Prosecutors allege five women involved in Sinclair case
The Fayetteville Observer, N.C.
FAYETTEVILLE, N.C. — The lead investigator in the Brig. Gen. Jeffrey Allen Sinclair case testified Monday how she and prosecutors obtained thousands of emails that the defense argues contained confidential correspondence with the general's lawyers.
Allegations revealed during Sinclair's Article 32 hearing this morning accuse him of having sexual encounters with five women since 2008 and using his position as a one-star general to coerce one of them into continuing the relationship.
Sinclair, 50, faces several charges including forcible sodomy and fraud following his relief from duty in Afghanistan in the spring.
As the hearing began, the defense made an issue over 16,000 emails that military investigators and prosecutors obtained from his military and personal accounts. The defense says the emails are confidential under attorney-client privilege and were marked as such in the subject line. The lawyers asked the hearing officer to dismiss the charges, or remove the prosecutors and investigators from the case.
The hearing officer, Maj. Gen. Perry L. Wiggins of Fort Hood, Texas, consulted with legal advisors over the matter. Testimony began this afternoon with the Army Criminal Investigation Command agent who was questioned over the emails and her investigation.

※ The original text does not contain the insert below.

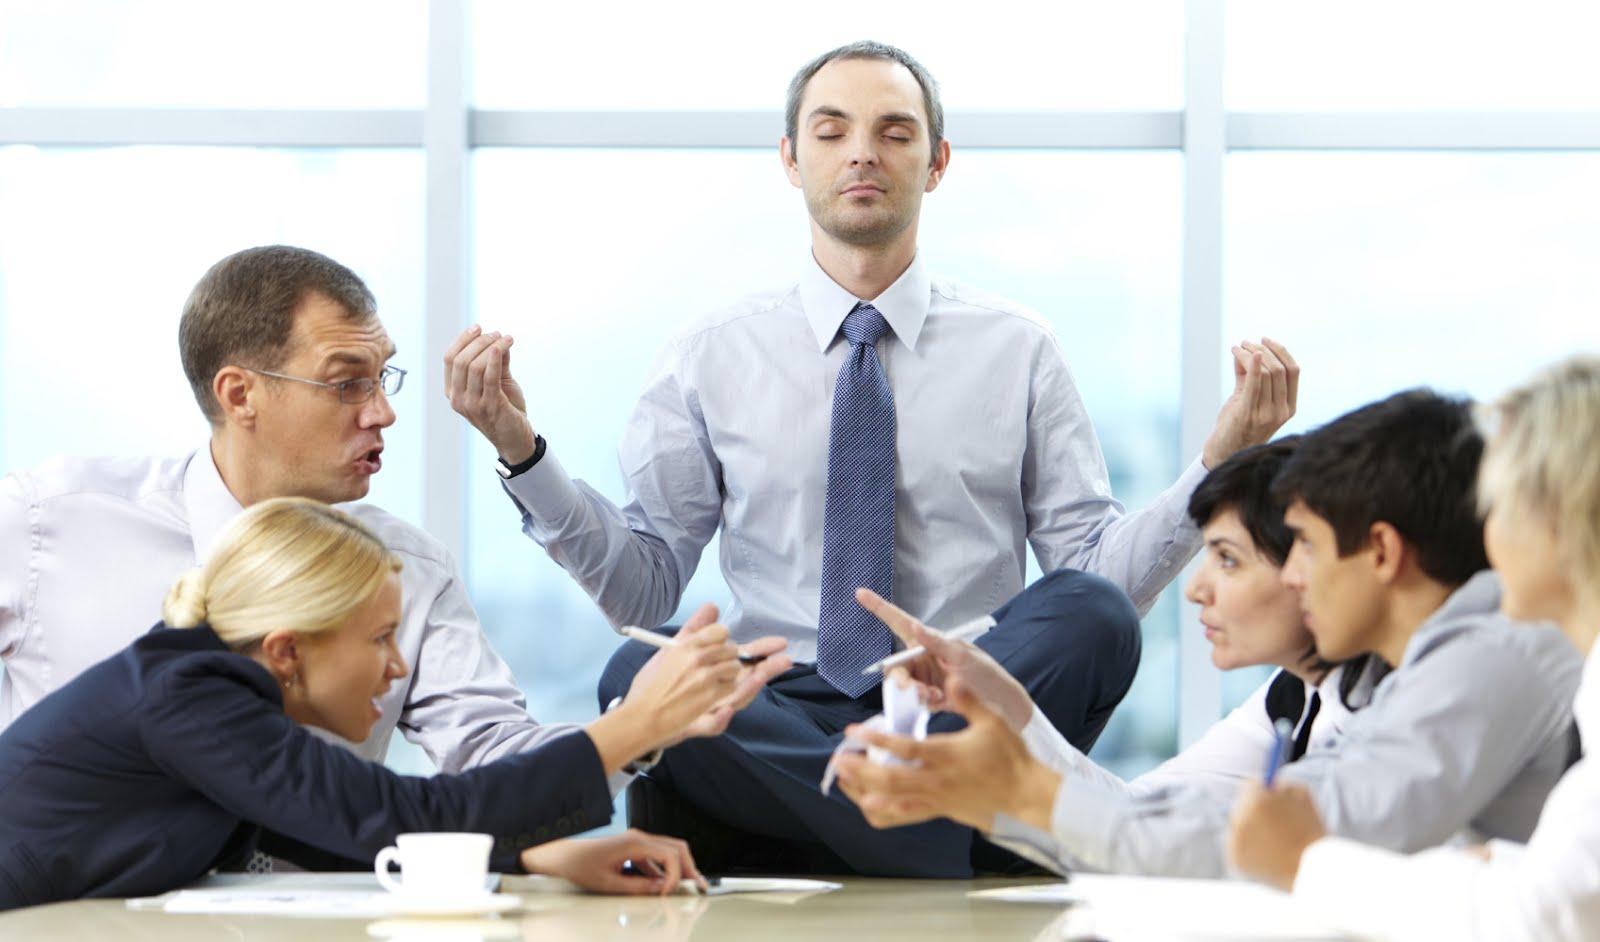 Trách nhiệm của các cấp quản trị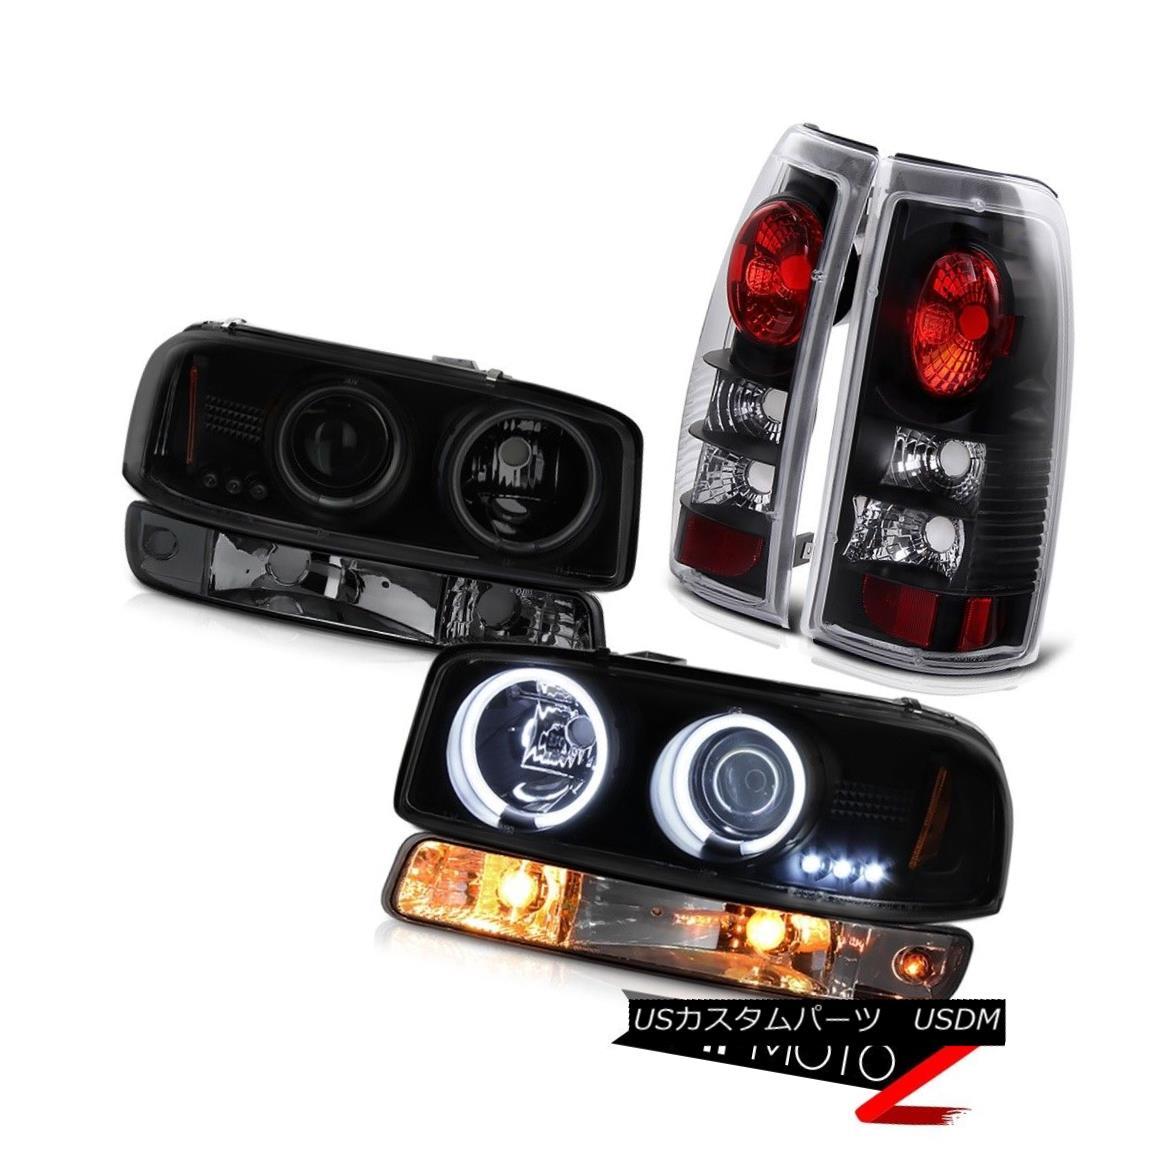 テールライト 99 00 01 02 Sierra 1500 Parking brake lights smokey bumper light ccfl headlights 99 00 01 02 Sierra 1500パーキングブレーキライトスモーバンパーライトccflヘッドライト

The hearing was recessed again until 4 p.m. while Wiggins weighs testimony about the emails.
Two members of the prosecution team testified this afternoon about how they came across the emails. Both said they did not look at the correspondence. One said as soon as he saw the subject line, he closed the email.
The defense has asked Wiggins to either remove or disqualify the prosecutors and continue the hearing without them, or dismiss the charges. They argued that the rules for the Article 32 hearing do not explicitly state that there has to be a prosecutor, just that the defendant, his lawyers and the hearing officer be present.
Otherwise, the defense team argued, the case could be thrown out on appeal if it gets that far.
Prosecutors argued that no harm has been done to Sinclair's case and that the hearing officer does not have the authority to remove a prosecutor. The hearing officer can only make recommendations to the convening authority, they said.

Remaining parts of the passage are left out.